Live album by James Young
- Released: 1967
- Recorded: 1967, At the Ulster Group Theatre
- Genre: Comedy
- Length: 54:36
- Label: Emerald Music
- Producer: Peter Lloyd

James Young chronology
| Young at Heart (1966) | Young and Foolish (1967) | It's Great to be Young (1968) |

= Young and Foolish (James Young album) =

Young and Foolish is the second comedy album released by Northern Irish comedian and actor James Young.

The album cover features a picture taken by Stanley Matchett.

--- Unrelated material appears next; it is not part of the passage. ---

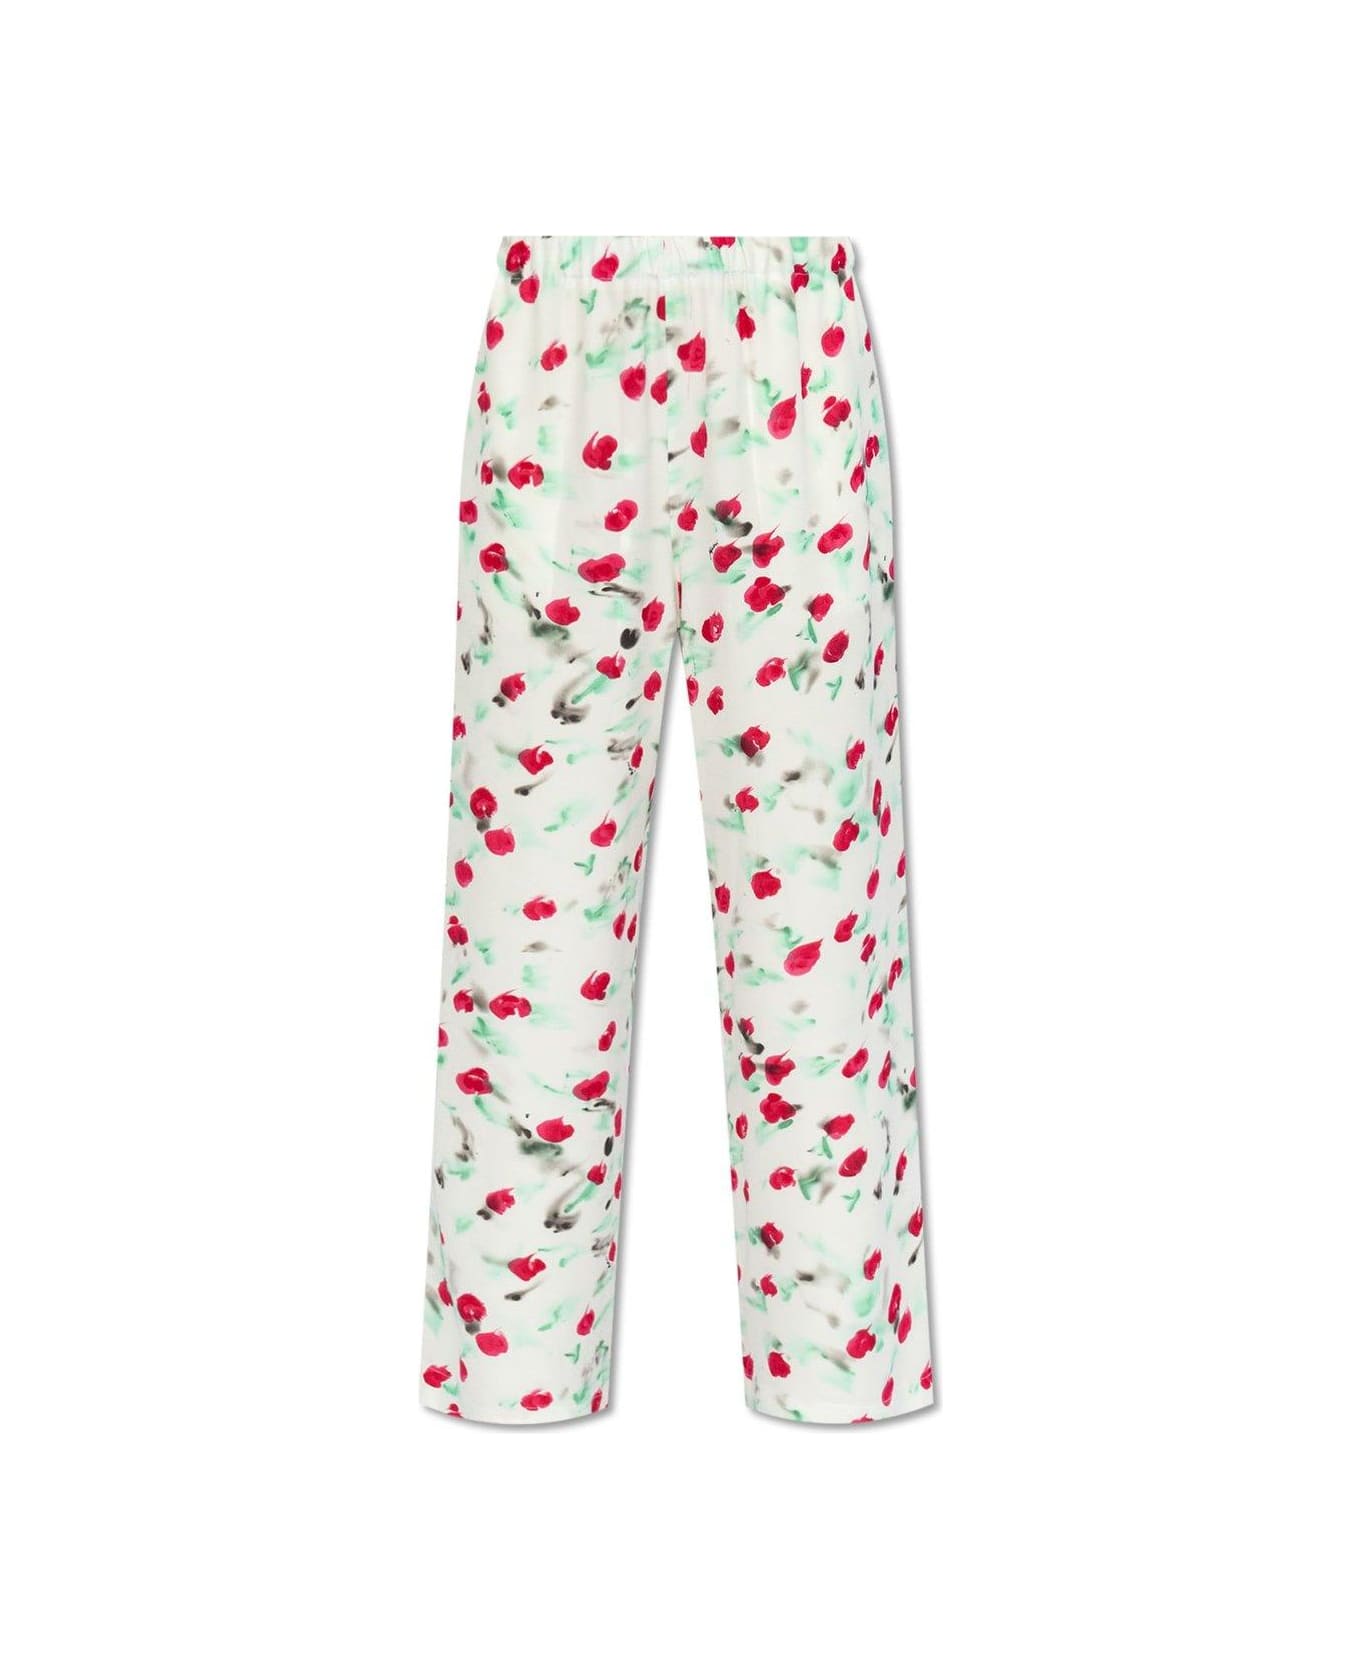 Marni Floral Printed Cropped Satin Trousers

In the picture Young and his business partner Jack Hudson are standing on the back of an Ulster Transport Authority bus. Each man has a speech bubble coming from his mouth. Husdon's states "James Young in" with Young's replying "Young and Foolish". The back cover features a poem and sleeve notes written by John Knipe.

==Track listing==

===Side 1===
1. Meet James Young - 13:24
2. Surgery Hours - 6:19
3. The Stranger - 4:19
4. Jumper Room - 2:41

===Side 2===
1. The Centre Forward - 4:00
2. Time For Love - 4:20
3. A Man's Best Friend - 3:17
4. The Presentation - 5:36
5. A Boy Looks At Life - 5:02
6. Salute to Belfast - 3:15

==Re-release==
Emerald Music re-released the album in 1999 in a four-disc boxset to commemorate the 25th Anniversary of Young's death. The album was boxed with three of Young's other comedy albums (The Young Ulsterman, Very Much Live In Canada and Behind the Barricades). The album was marketed as James Young: Ireland's Greatest Comic Legend Volume 1.